Betcha didn’t know that did ya? Stay tuned next week for part 2.


XOXO,




Monday, January 6, 2014

What Will You CHOOSE in 2014?

Did you know that your life tells a story and that each year is another chapter? Everyday God wakes you up, you are granted with the opportunity to choose how you will approach your day. We have the choice, for the most part, to choose how our chapter will begin and end. We do not have any control over life’s circumstances such as losing a love one, but we can choose how we will love them while they’re here; nor do we have control over our job moving across country, but we can choose to do the best of our abilities while we’re on the job. Will you have a fruitful and prosperous year or another year of complaining and winning about what went wrong? How will you choose to embrace the good, the bad, and the ugly that this year will entail?
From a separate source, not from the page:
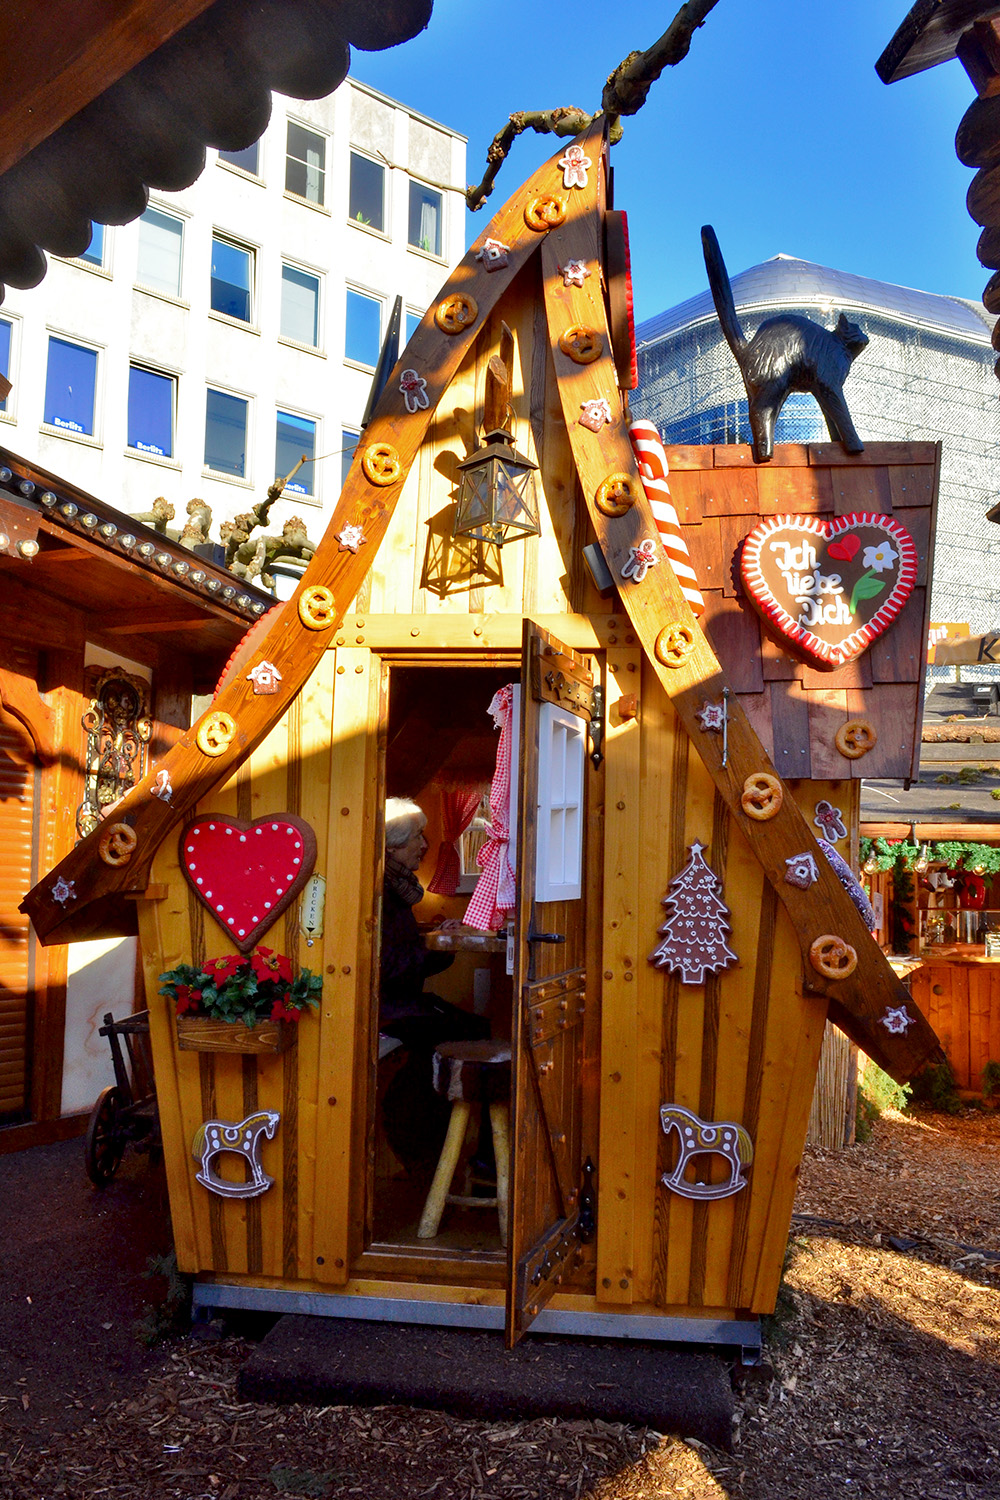 Adorable Hut at Kassel Weihnachtsmarkt - A Fairy Tale German Christmas Market :: I've Been Bit! A Travel Blog
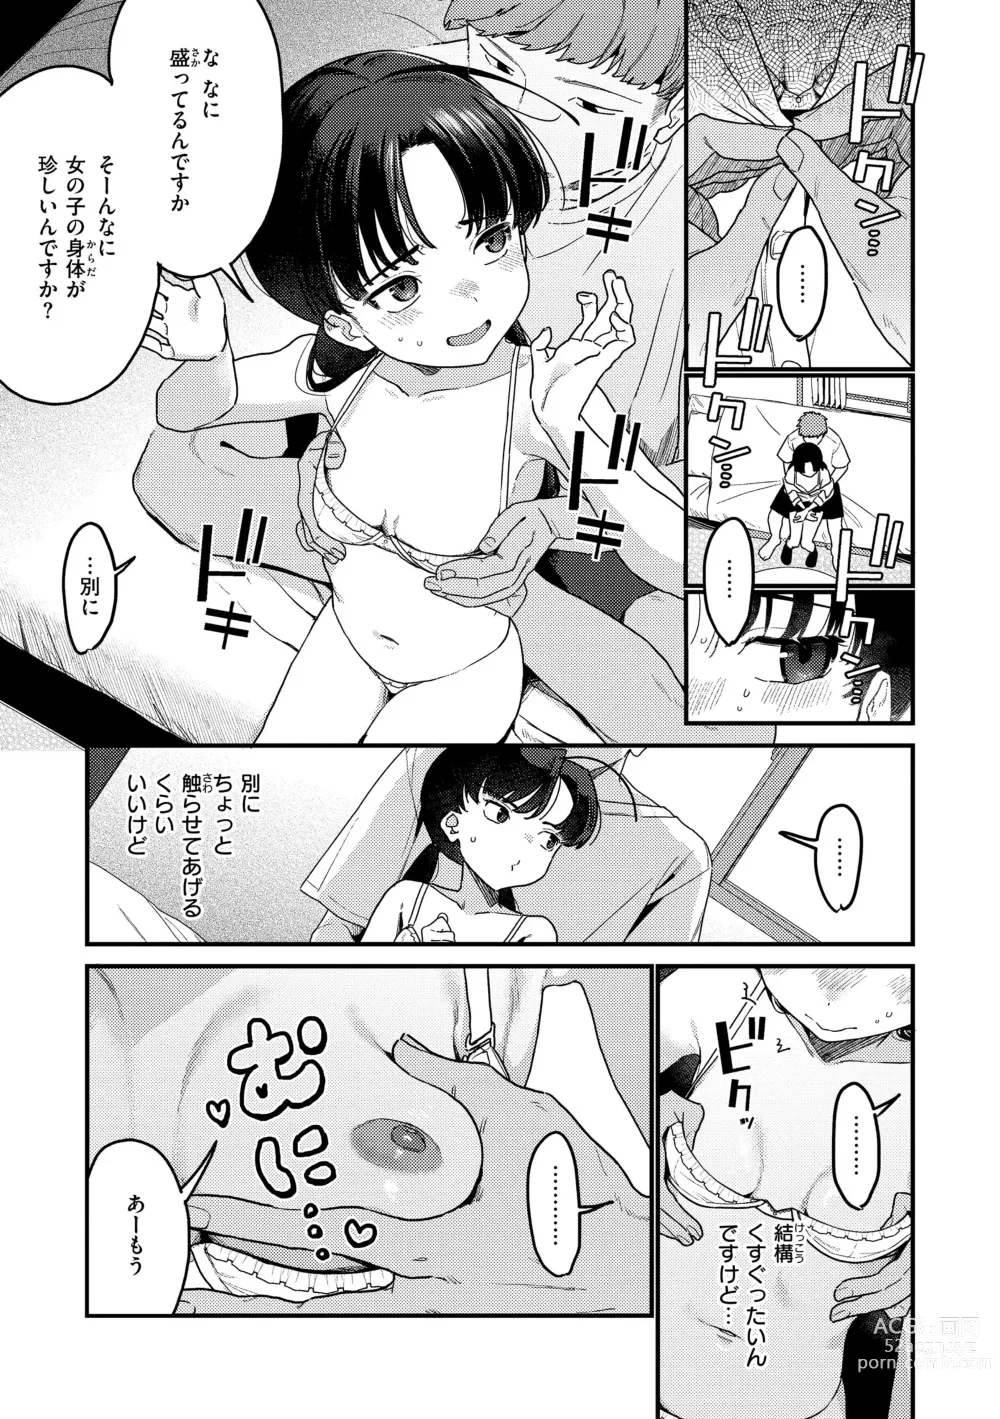 Page 17 of manga Wakarasete. - Show me reality.

Ladies, make a commitment to yourself this year that you will CHOOSE to be joyful and TRUST God, no matter what this year holds.

Use the following template to help you get started. Fill in the blanks with action words:

When people talk bad about me behind my back, I will_____________________.
When I am told I am not good enough, I will___________________________.
When people treat me like I am inferior to them, I will_________________.
If my employer decreases my pay due to budget cuts, I will__________________.
If my car breaks down, I will______________.

Remember, ninety percent of life’s situations are in response to our attitudes. We can make the outcome of any situation a whole lot better if we CHOOSE to respond with a positive attitude. So what attitude will you choose to take on in 2014?